#### DATA SHOWN
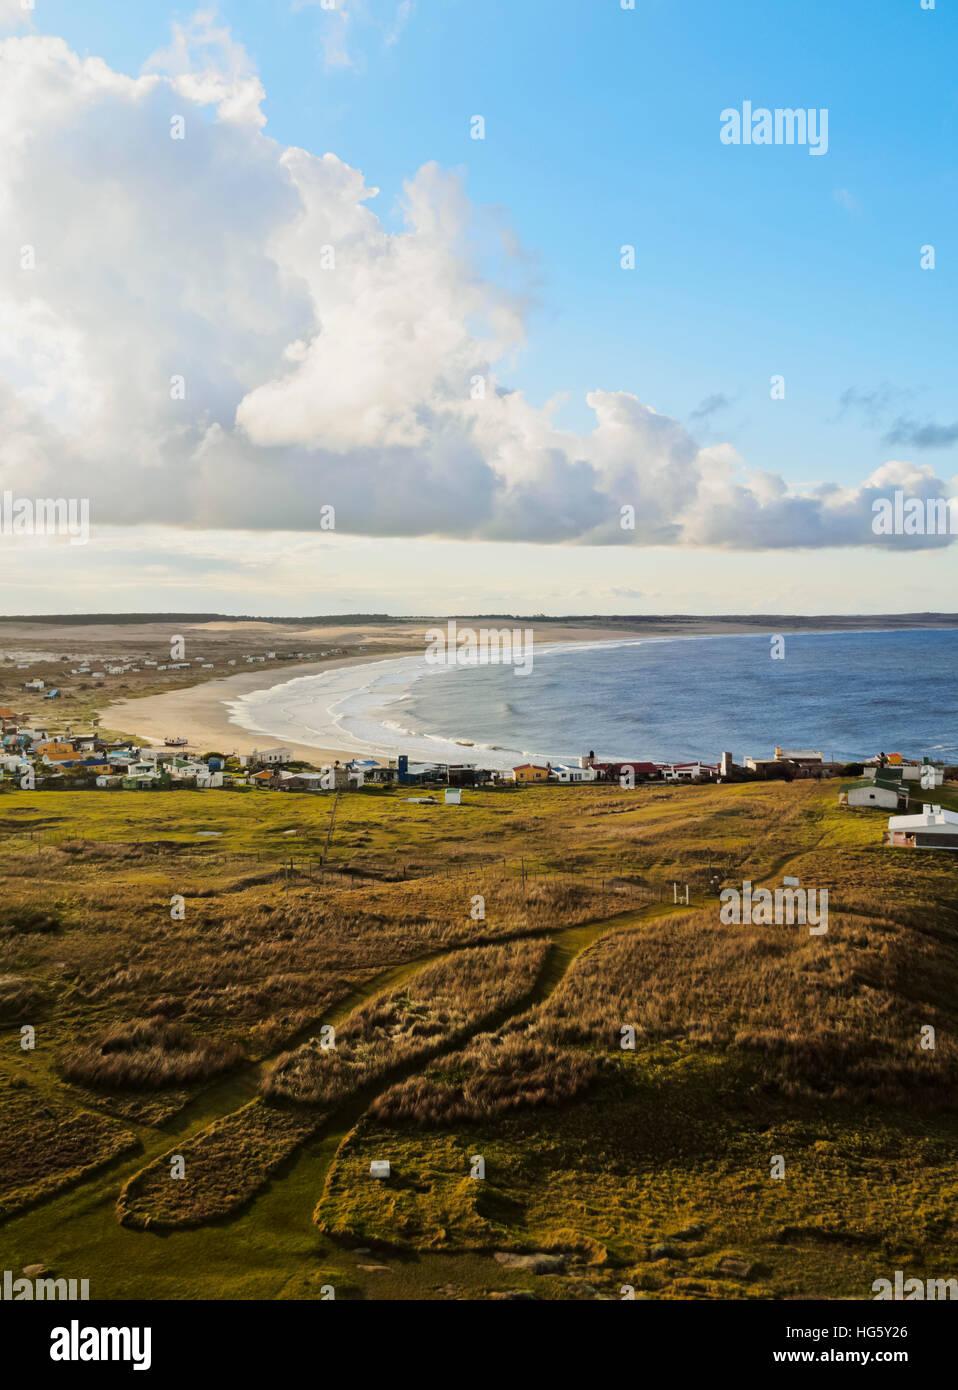 Uruguay, Departamento de Rocha, niveles elevados de vista del Cabo Polonio. Imagen De Stock
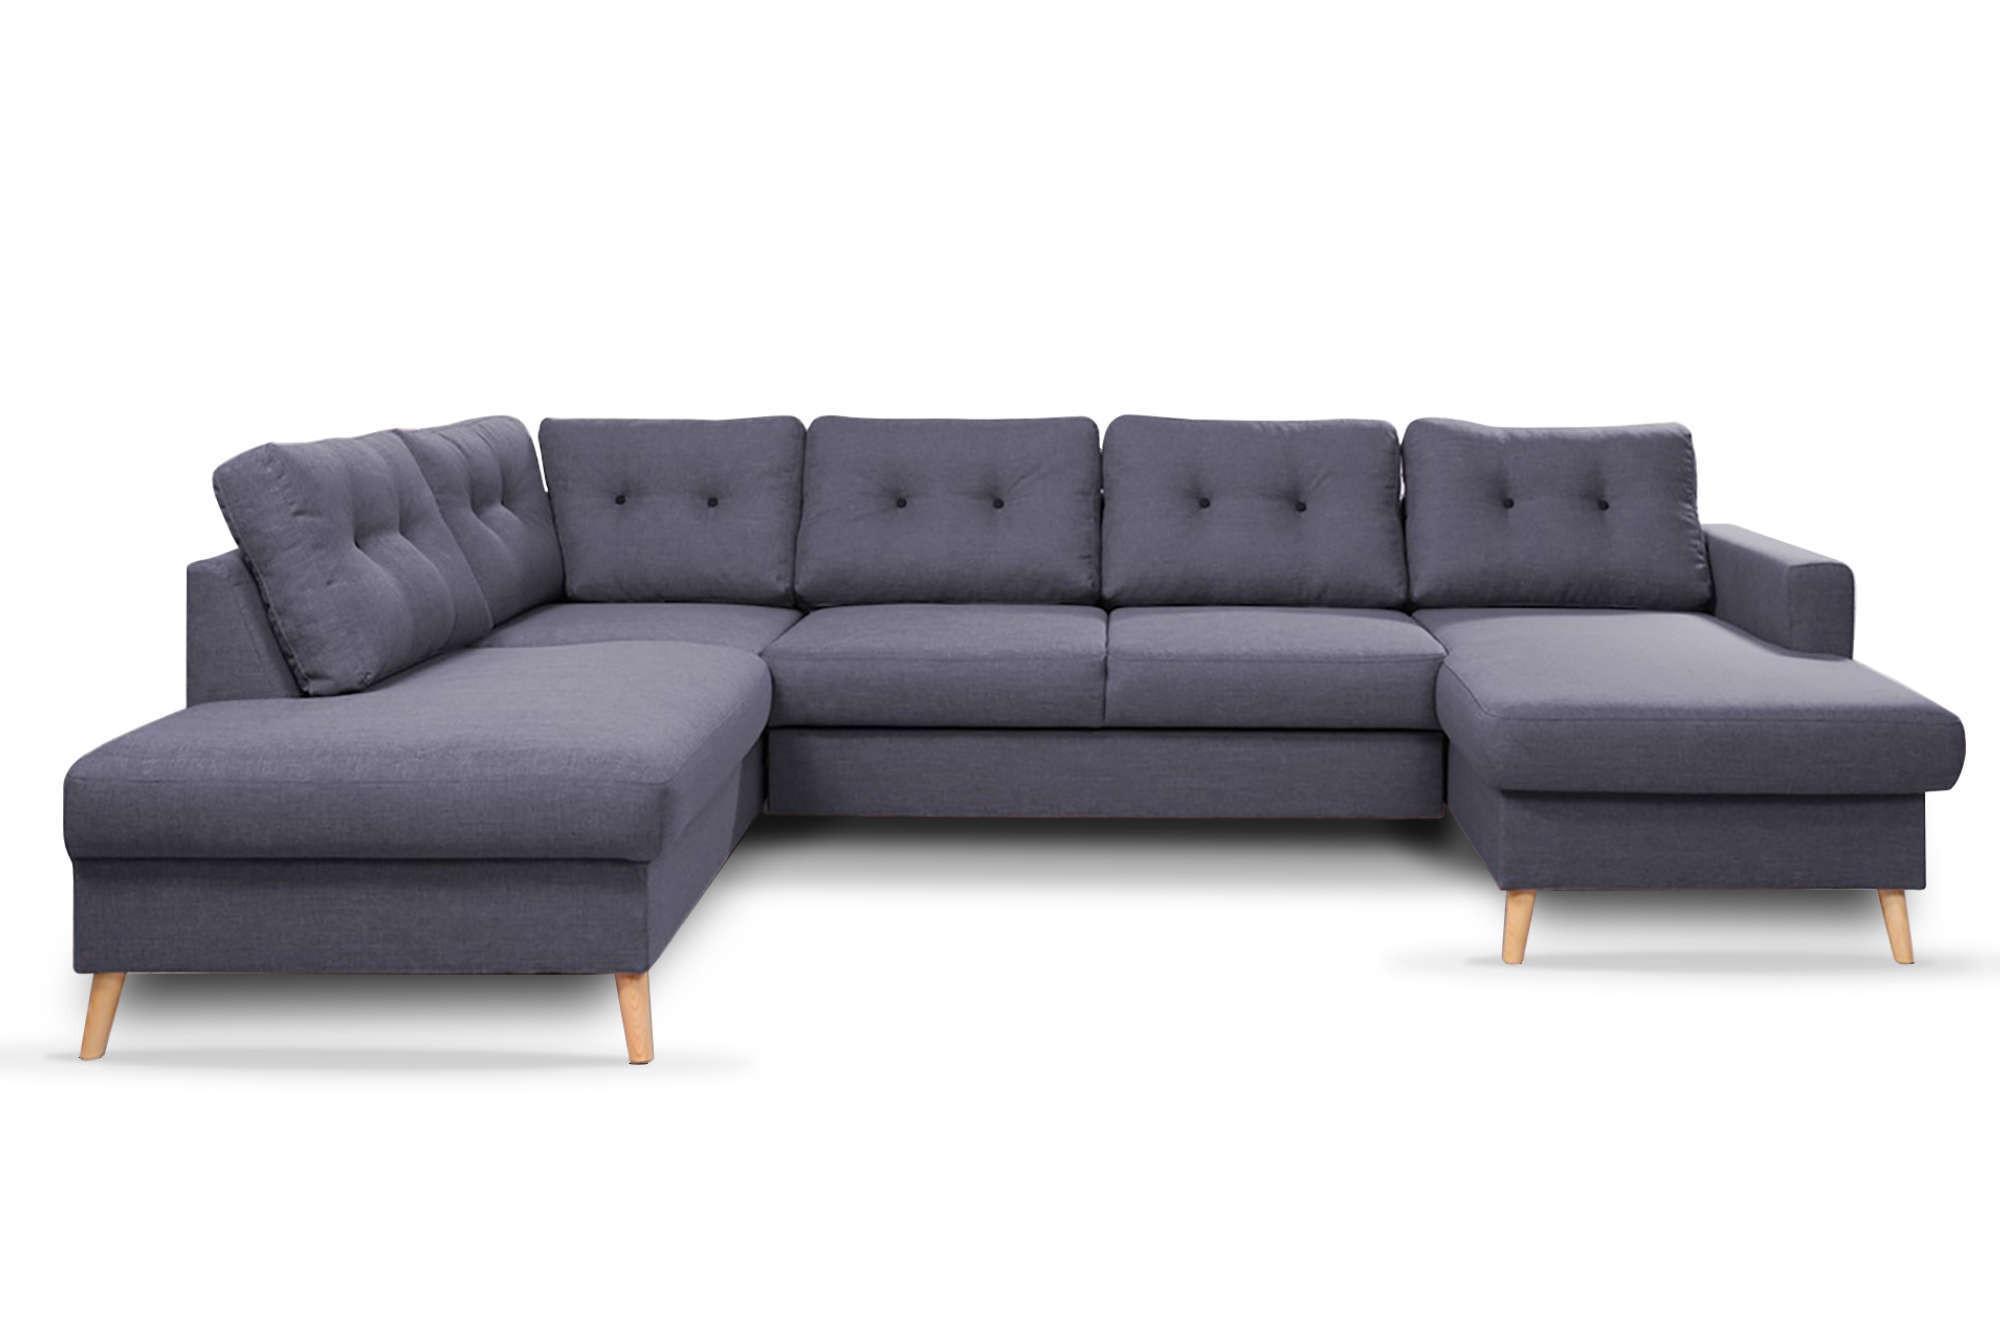 Canapé d'angle 8 places Gris Tissu Contemporain Confort
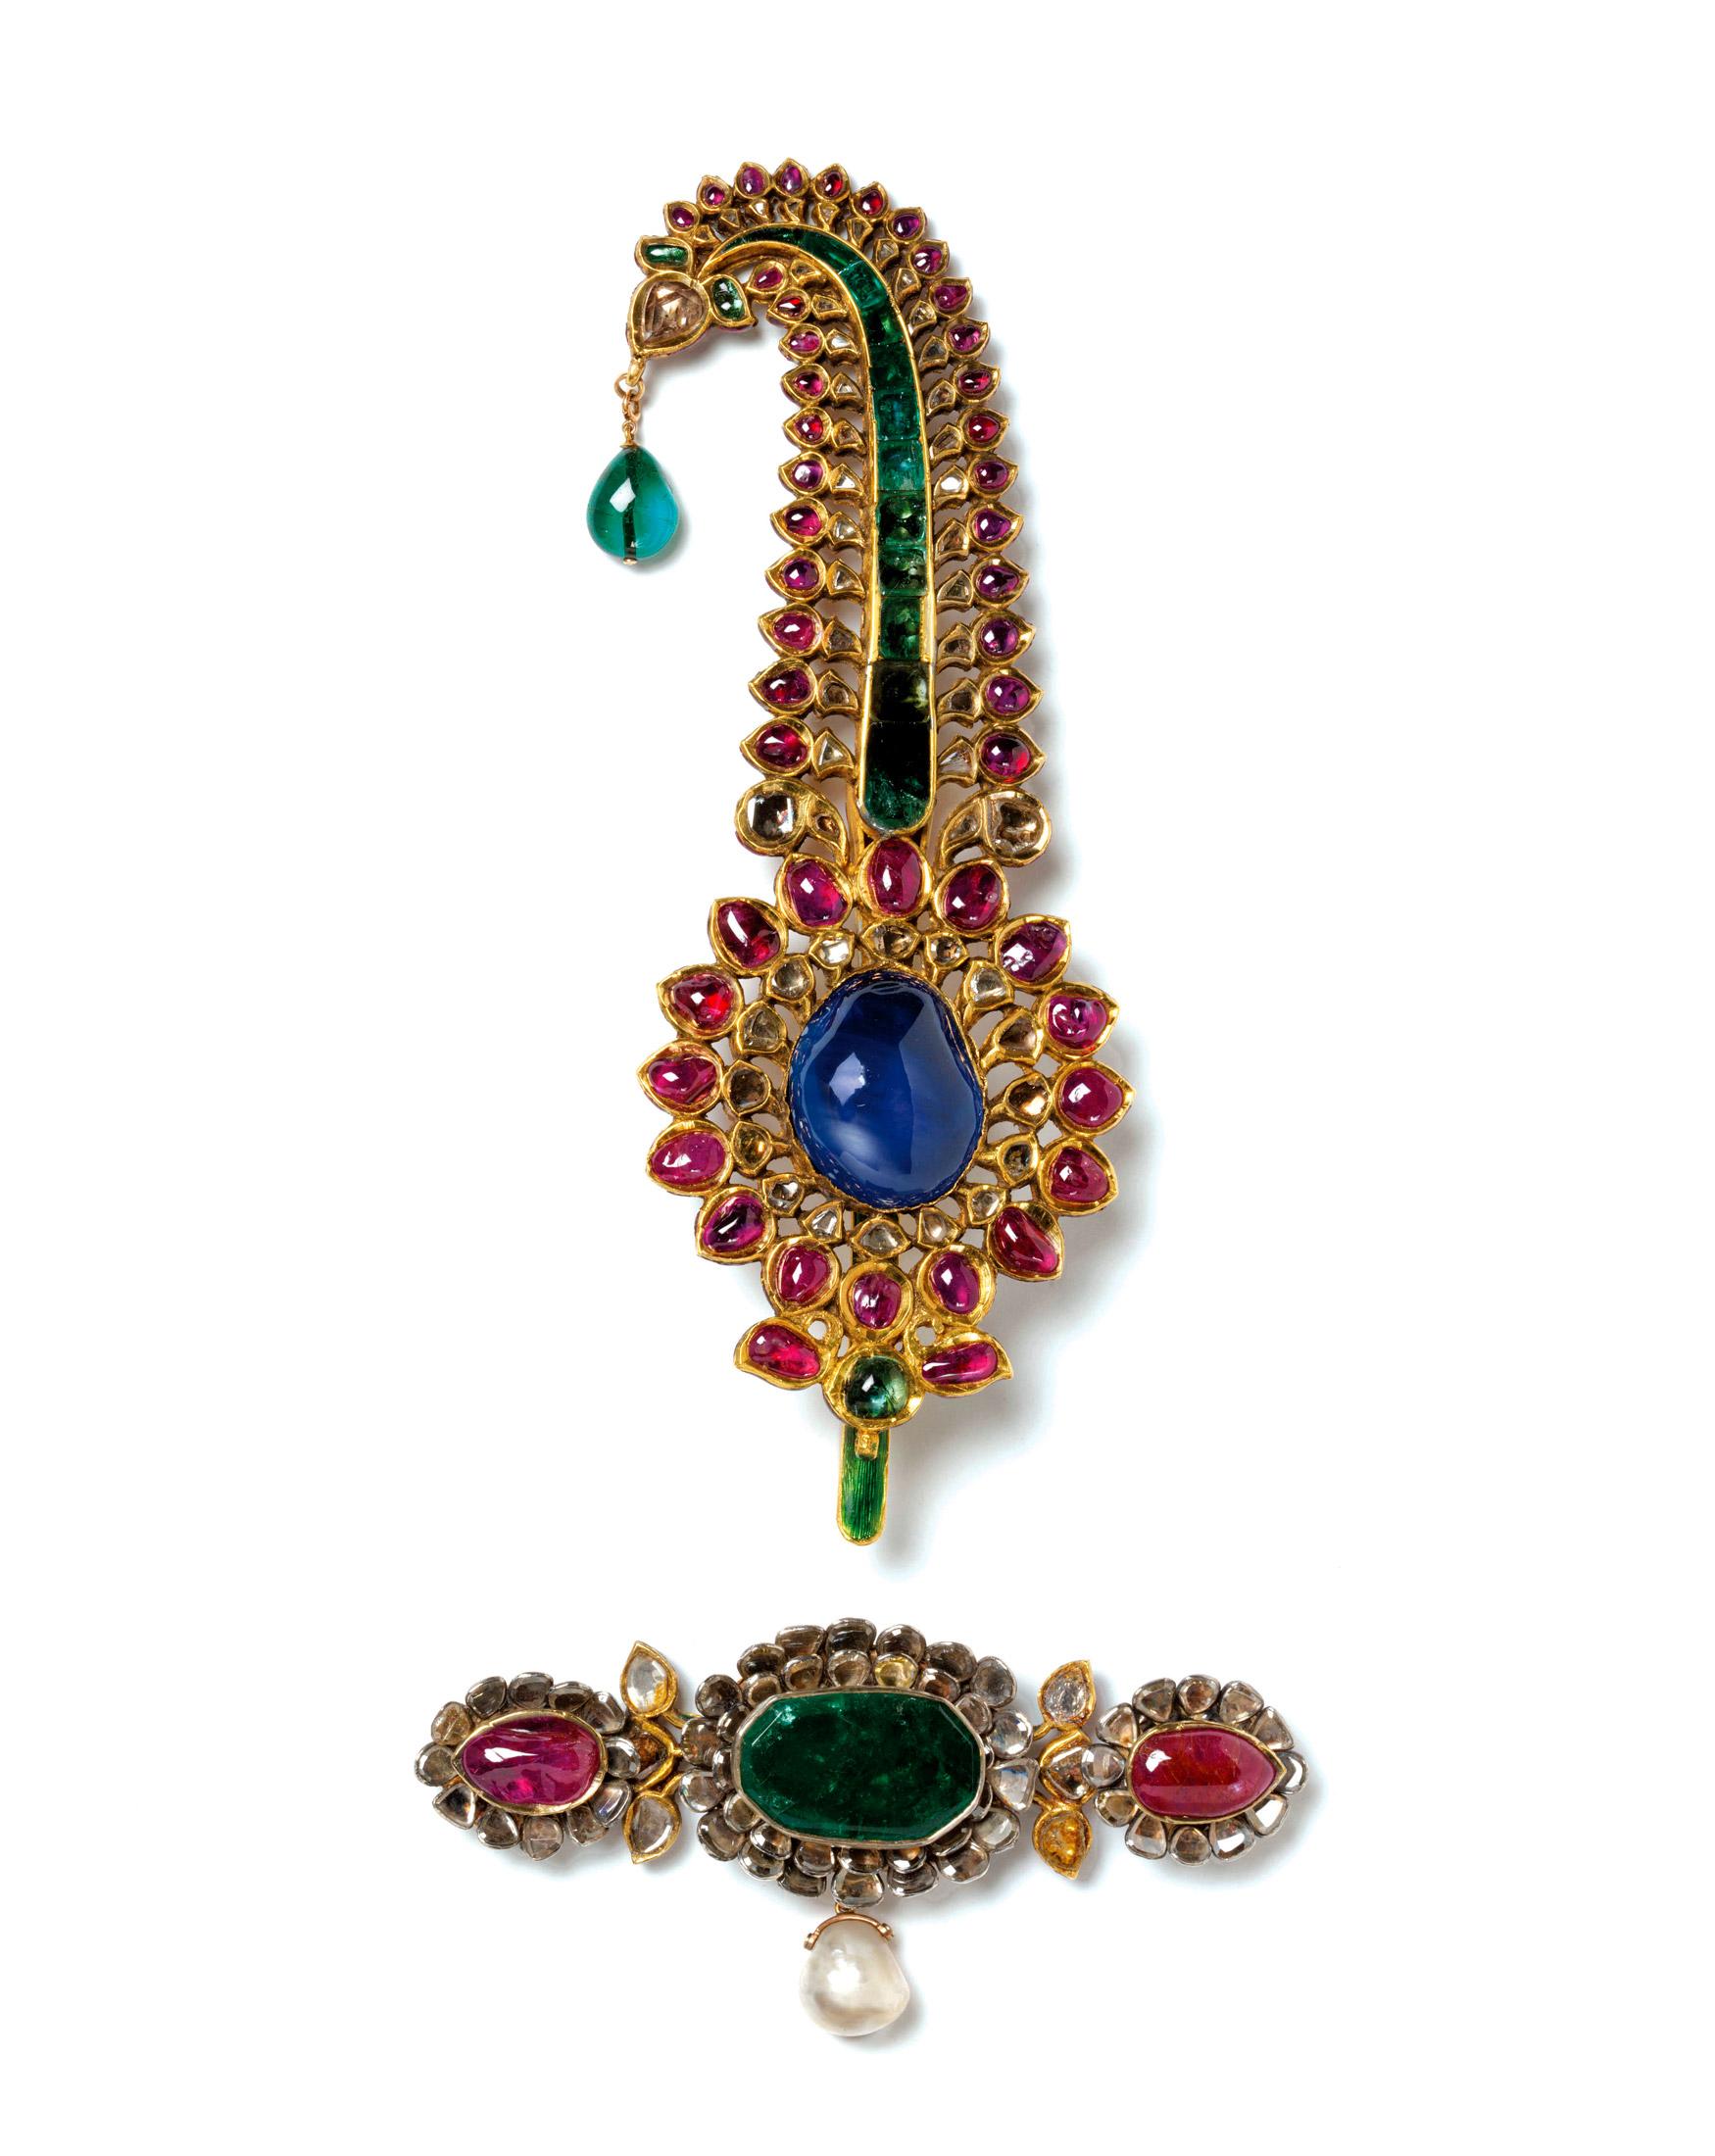 Maharaja The Splendor Of India S Royal Courts
########
WORK TO BE COMPLETED:
The result should be the material above, unchanged and free of pictures; please print it.

OUTPUT OF THE TASK:
 Uruguay, Departamento de Rocha, niveles elevados de vista del Cabo Polonio. Imagen De Stock
 Canapé d'angle 8 places Gris Tissu Contemporain Confort
 Maharaja The Splendor Of India S Royal Courts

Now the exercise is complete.